96f94038 78090043 00000000 20000000 1b000001 C..x....... ....
ca0b4920 78090043 02000000 22220000 02400000 C..x......""..@.
Always 3 hits in all the dumps: one for the corrupted pool page; one for the crashdump driver where it is dumping out this page; and the third one points to a 3rd party driver…
0: kd> lmta 96f94038
start end module name
96616000 97332000 DRIVER_X Tue Mar 27 03:05:05 2012 (4F712051)
Since these crashes were on 32-bit systems we could use the above search to check the entire range of Kernel memory for the pattern.

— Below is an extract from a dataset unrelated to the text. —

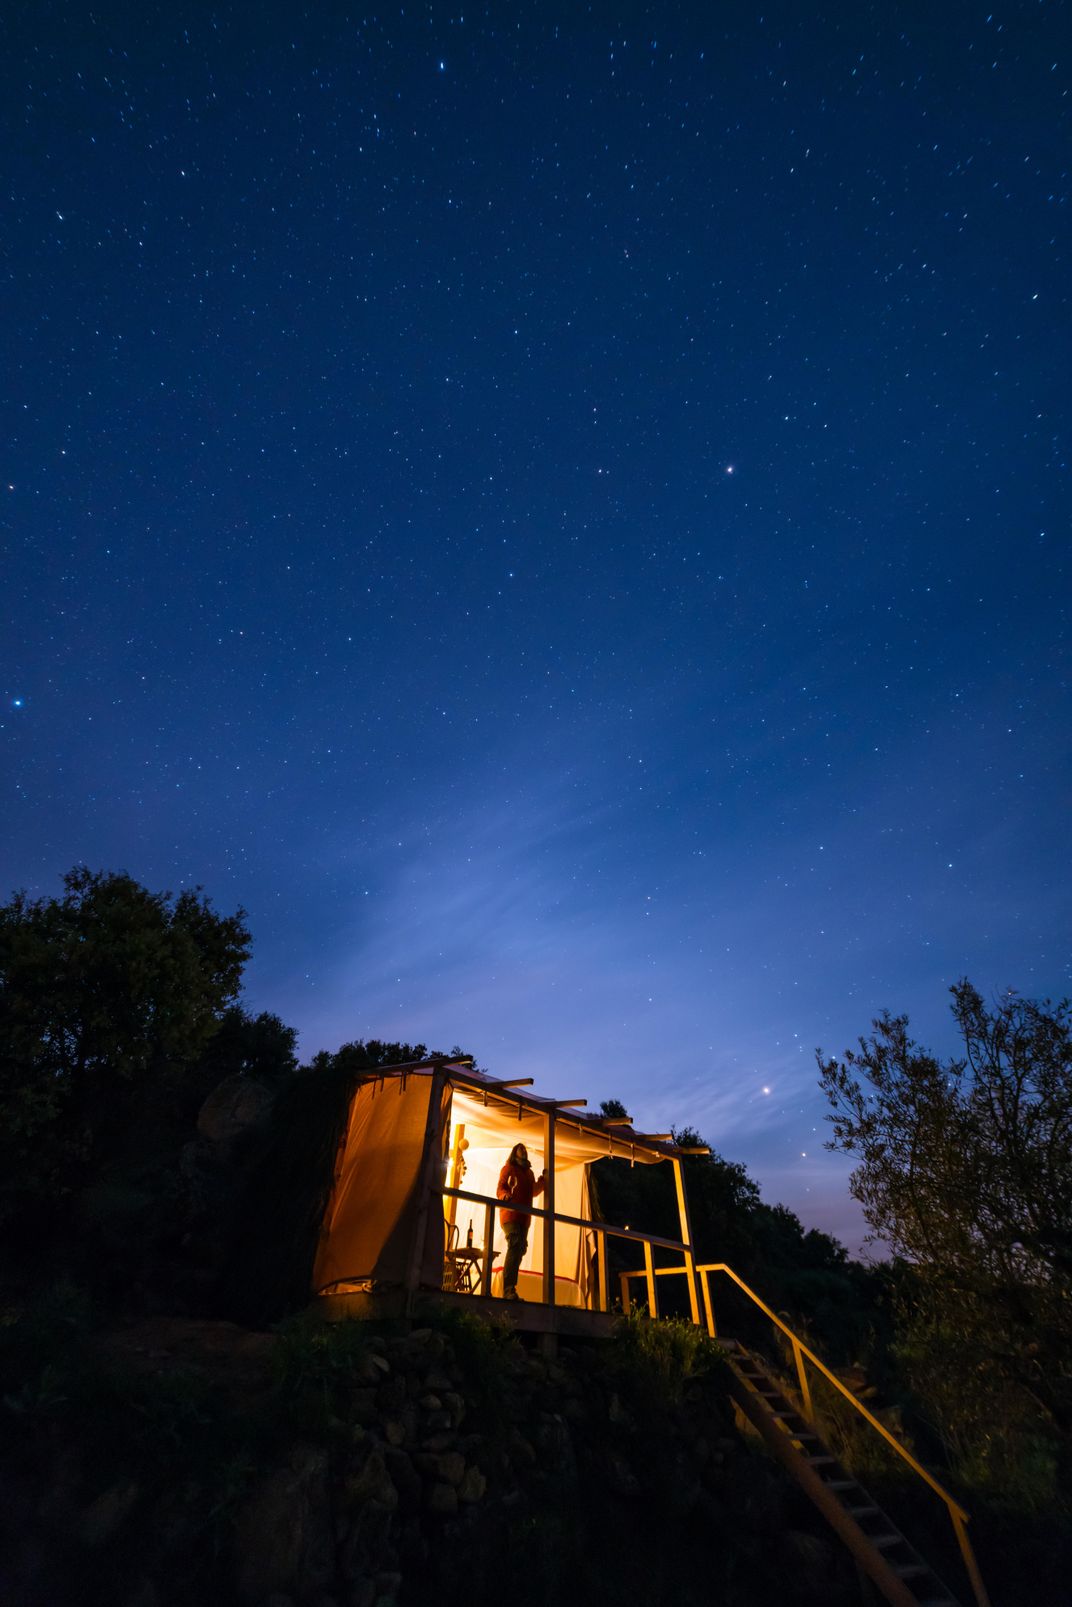 Star Camp, Faia Brava, Côa Valley, Western Iberia, Portugal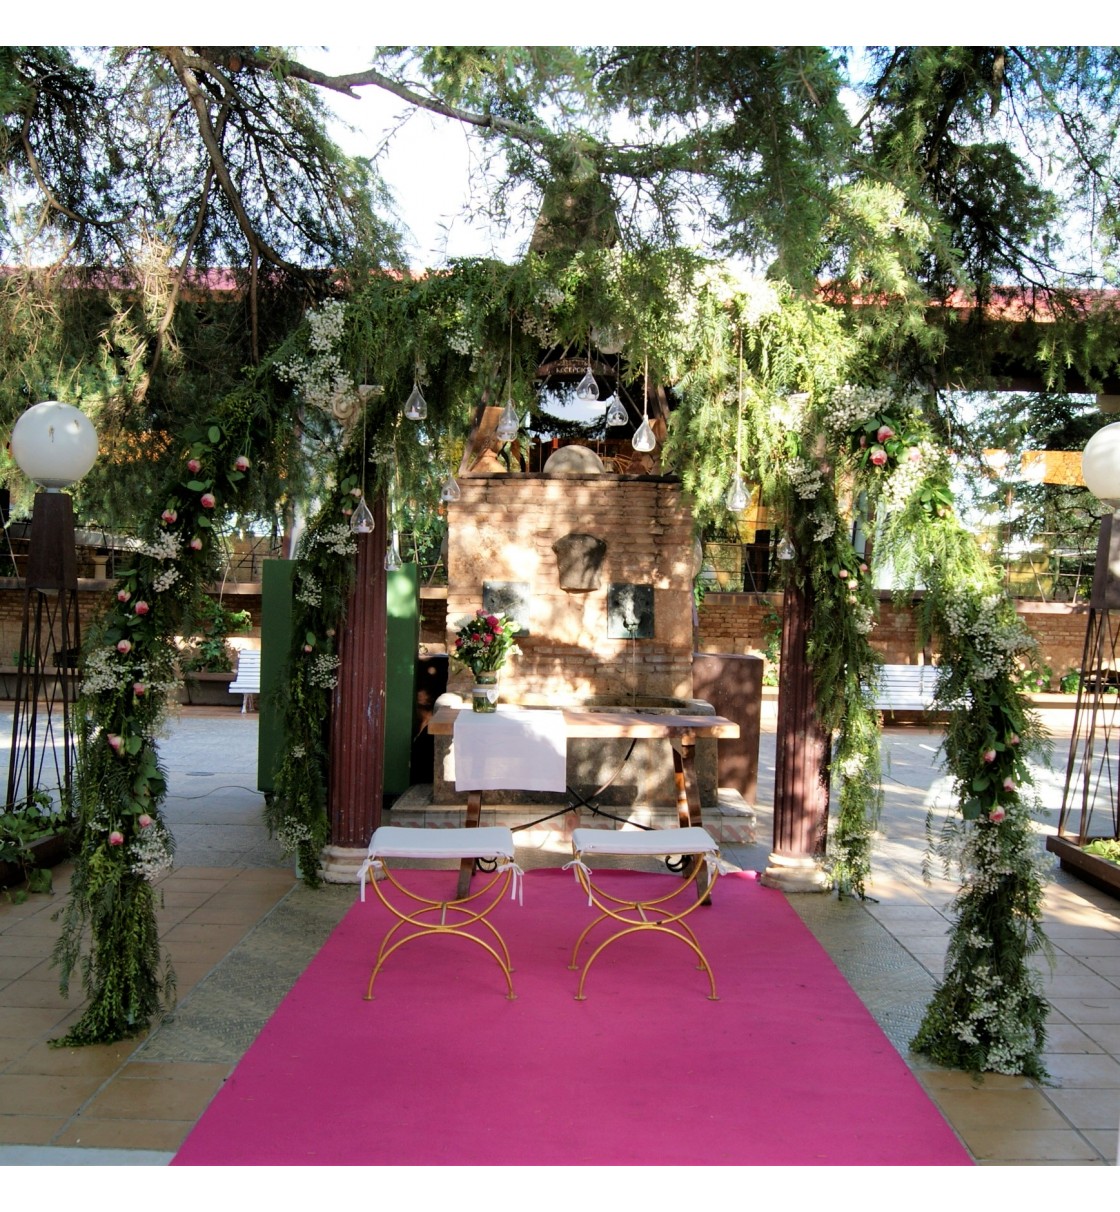 Arco floral para ceremonia civil con verdes, paniculata y rosa ramificada

However, since 64-bit systems are more common these days, even on Client systems, we could instead have narrowed this down to just searching the address space of the loaded modules...
0: kd> !for_each_module s -d @#Base @#End 78090043
96f94038 78090043 00000000 20000000 1b000001 C..x....... ....
Whichever method you prefer, an update to the third-party DRIVER_X.SYS resolved the issue, and there was much rejoicing.